(Beginning of Available data)

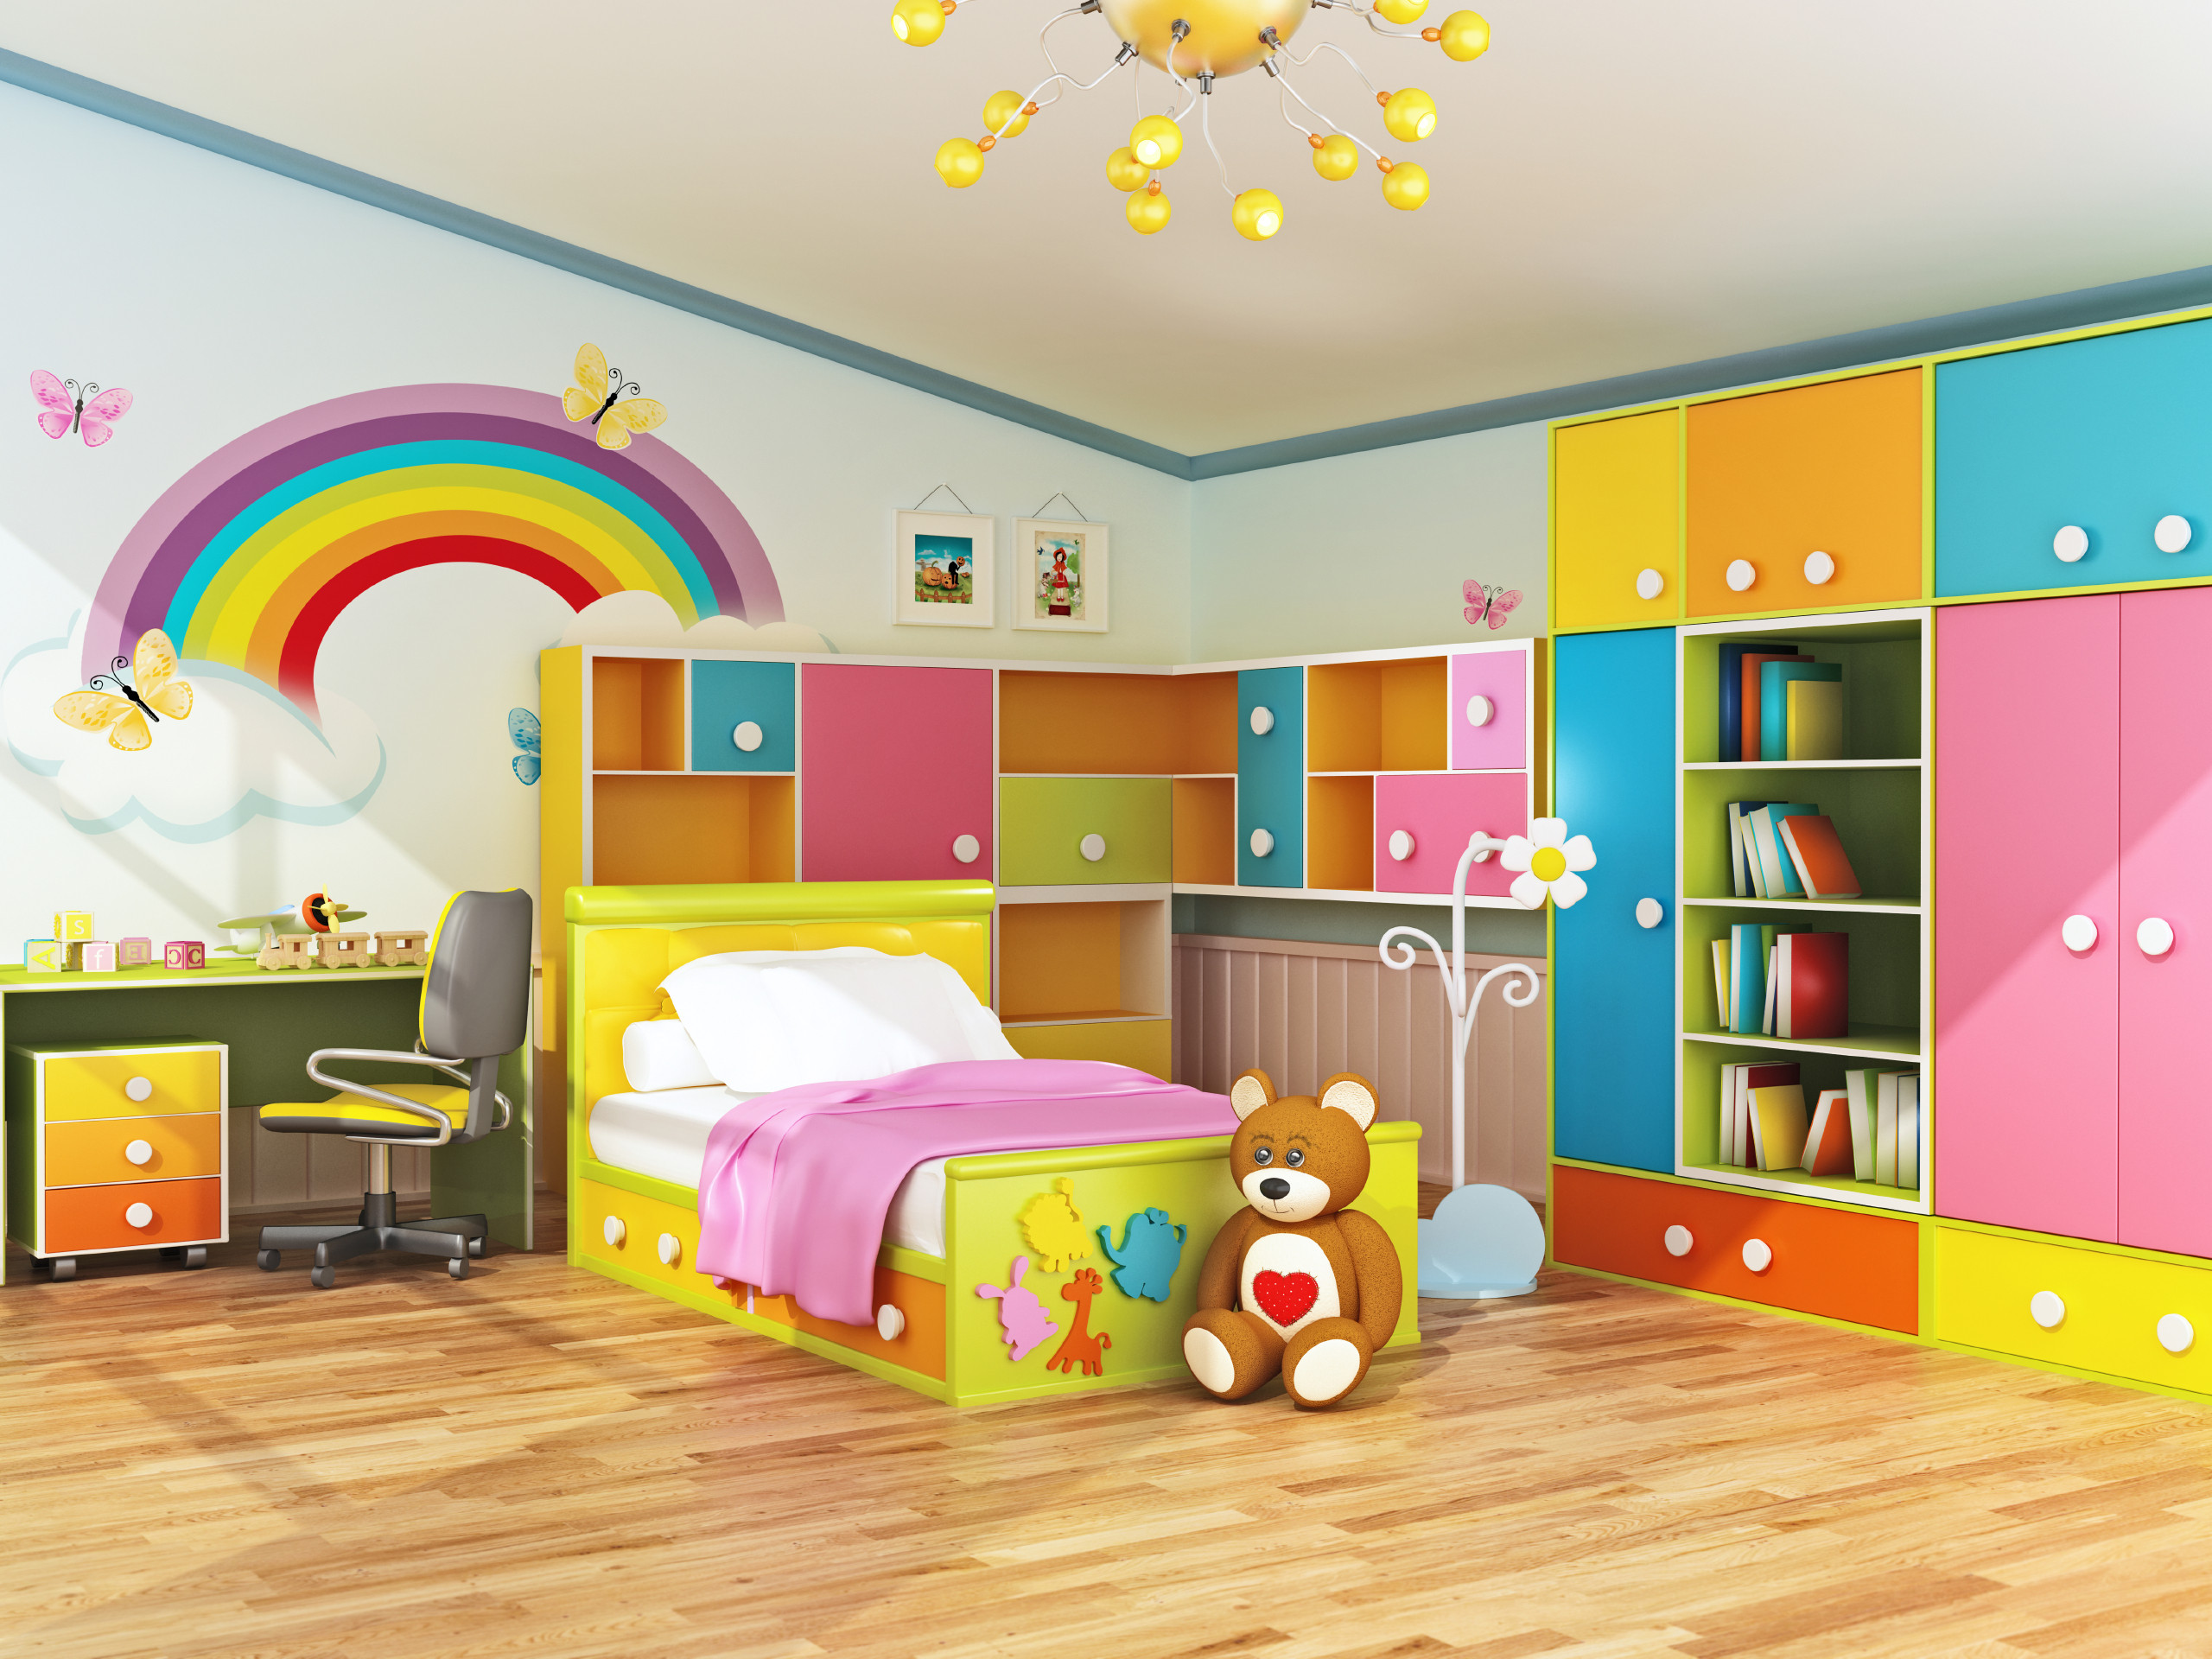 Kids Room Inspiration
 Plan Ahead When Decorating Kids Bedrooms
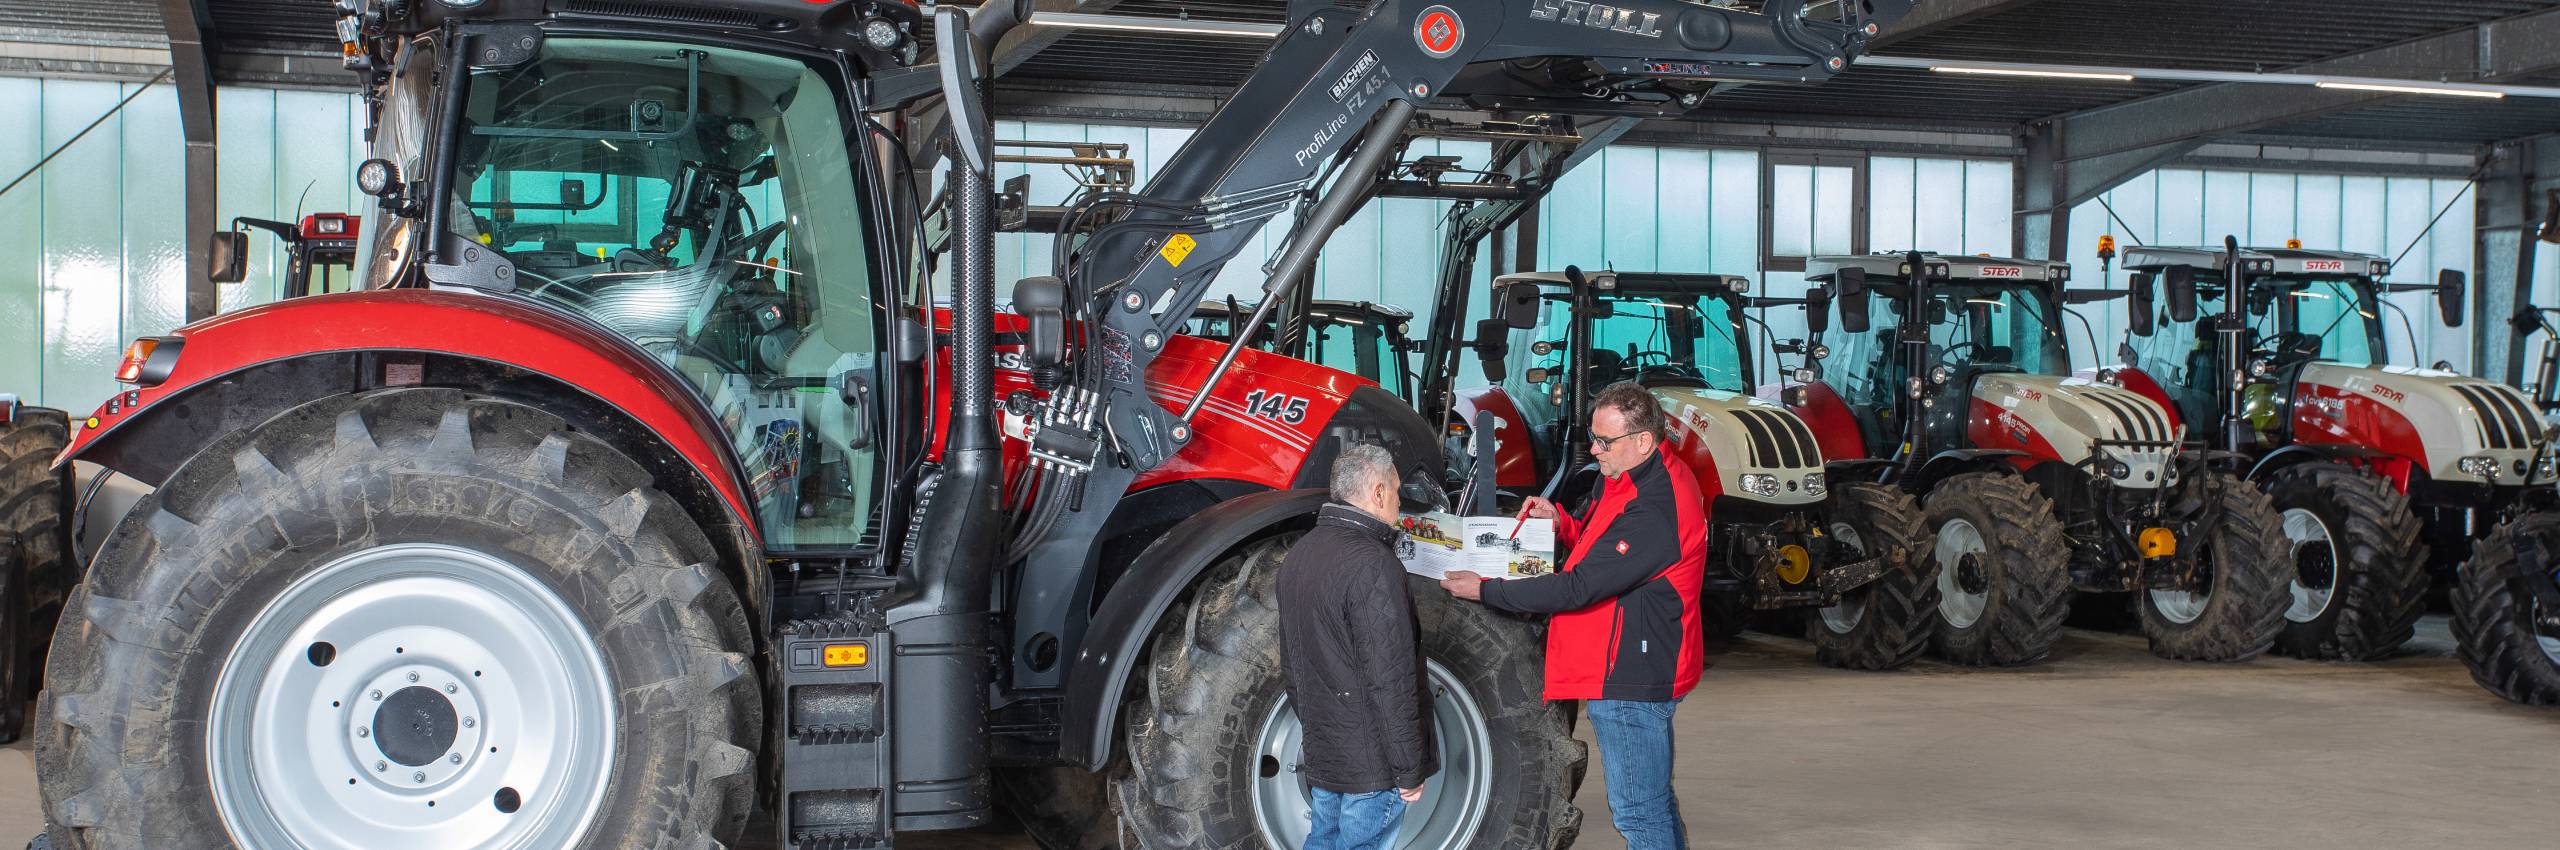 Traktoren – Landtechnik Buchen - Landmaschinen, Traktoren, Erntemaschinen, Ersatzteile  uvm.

(End of Available data)

*What is required:*
This task asks for the data above repeated exactly, without a single picture.

*Solution to the exercise:*
 Kids Room Inspiration
 Plan Ahead When Decorating Kids Bedrooms
 Traktoren – Landtechnik Buchen - Landmaschinen, Traktoren, Erntemaschinen, Ersatzteile  uvm.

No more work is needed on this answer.